Re: [PATCH 3/5] lib: lockless generic and arch independent page table (gpt) v2.

From: Linus Torvalds
Date: Thu Nov 13 2014 - 18:50:14 EST


On Mon, Nov 10, 2014 at 3:53 PM, Linus Torvalds
<torvalds@xxxxxxxxxxxxxxxxxxxx> wrote:
>
> So I am fine with that, it's the details that confuse me. The thing
> doesn't seem to be generic enough to be used for arbitrary page
> tables, with (for example) the shifts fixed by the VM page size and
> the size of the pte entry type. Also, the levels seem to be very
> infexible, with the page table entries being the simple case, but then
> you have that "pdep" thing that seems to be just _one_ level of page
> directory.

Ok, so let me just put my money where my mouth is, and show some
example code of a tree walker that I think is actually more generic.
Sorry for the delay, I got distracted by other things, and I wanted to
write something to show what I think might be a better approach.

NOTE NOTE NOTE! I'm not saying you have to do it this way.

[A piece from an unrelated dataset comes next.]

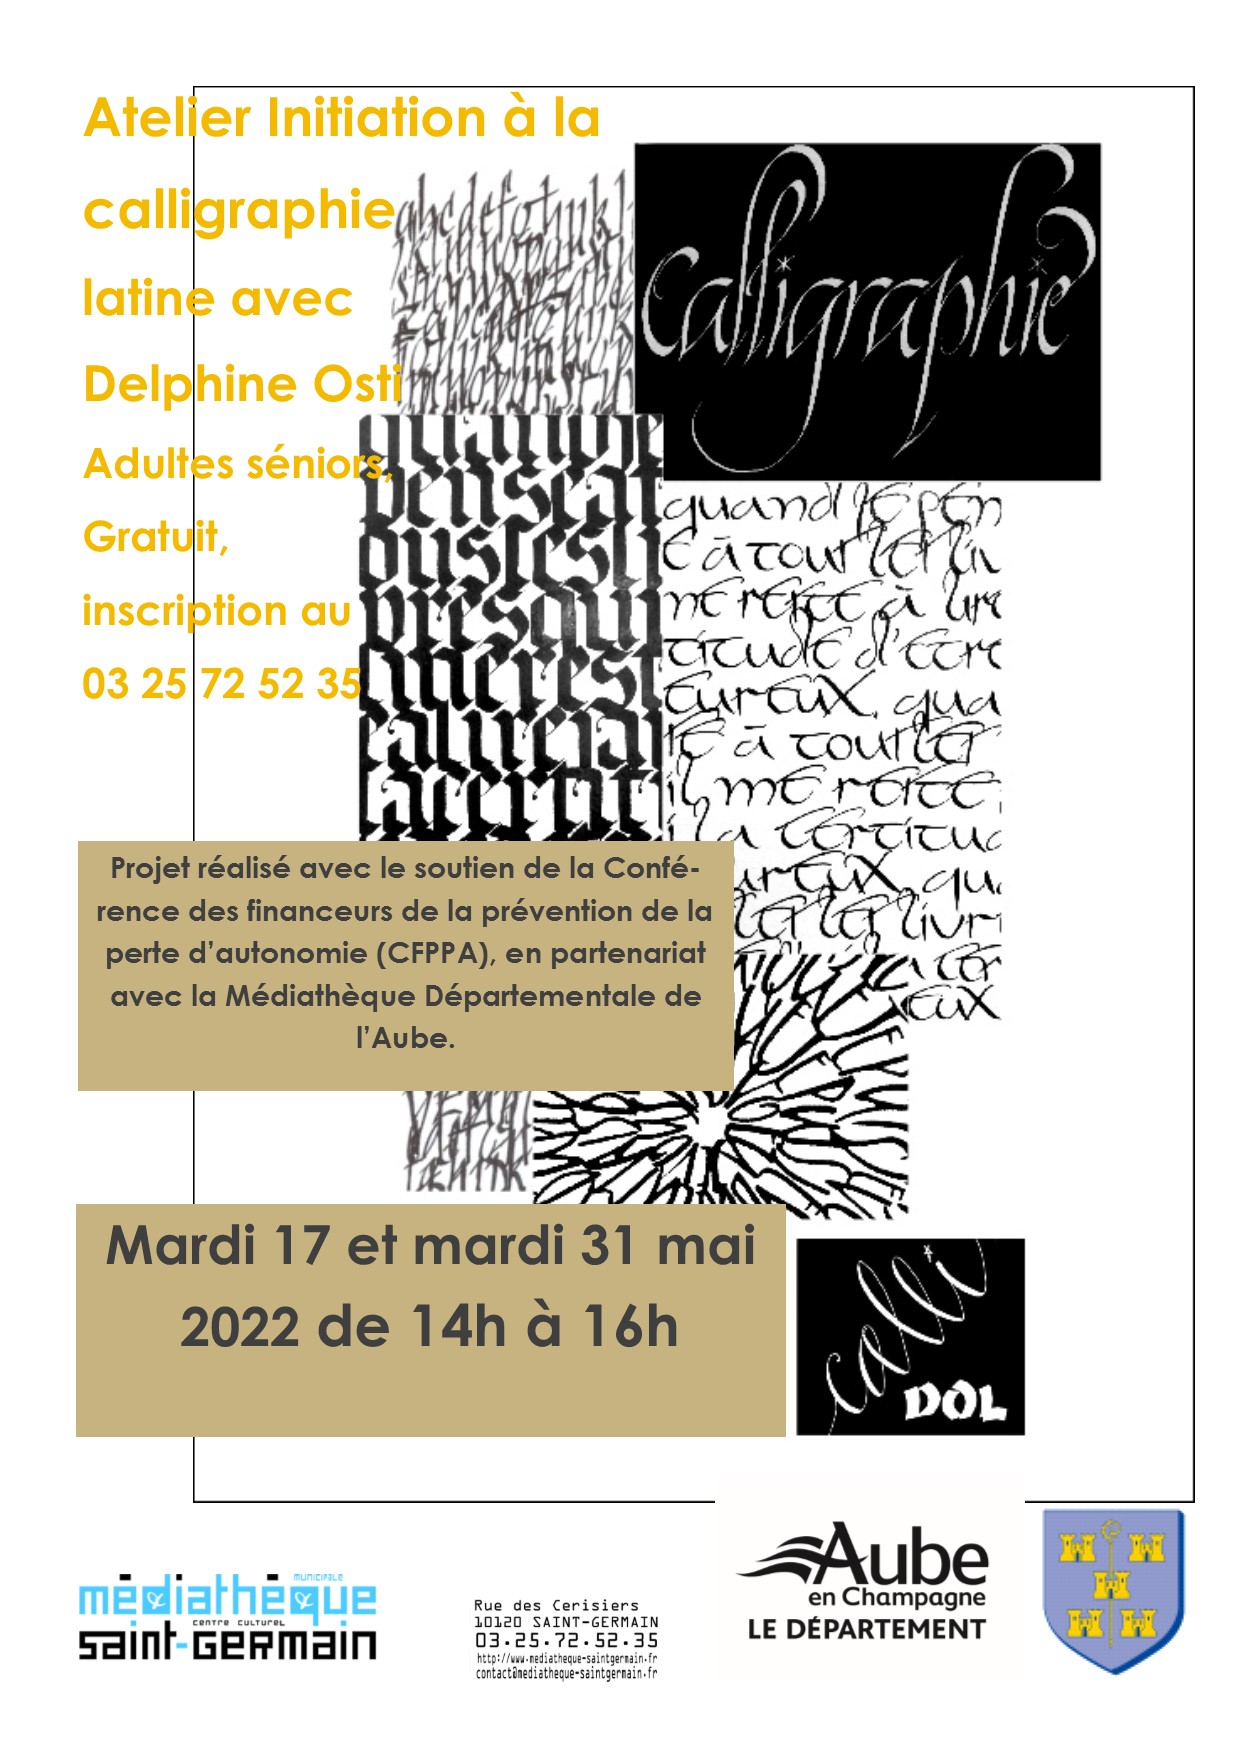 Atelier Initiation à la Calligraphie mardi 17 et 31 mai 2022

But before
I even show the patch, let me show you the "tree descriptor" from my
stupid test-program that uses it, and hopefully that will show what
I'm really aiming for:

struct tree_walker_definition x86_64_def = {
.total_bits = 48,
.start = 0,
.end = 0x7fffffffffff,
.levels = {
{ .level_bits = 9, .lookup = pgd_lookup },
{ .level_bits = 9, .lookup = pud_lookup },
{ .level_bits = 9, .lookup = pmd_lookup },
{ .level_bits = 9, .walker = pte_walker }
}
};

so basically, the *concept* is that you can describe a real page table
by actually *describing* it. What the above does is tell you:

- the amount of bits the tables can cover (48 is four levels of 9
bits each, leaving 12 bits - 4096 bytes - for the actual pages)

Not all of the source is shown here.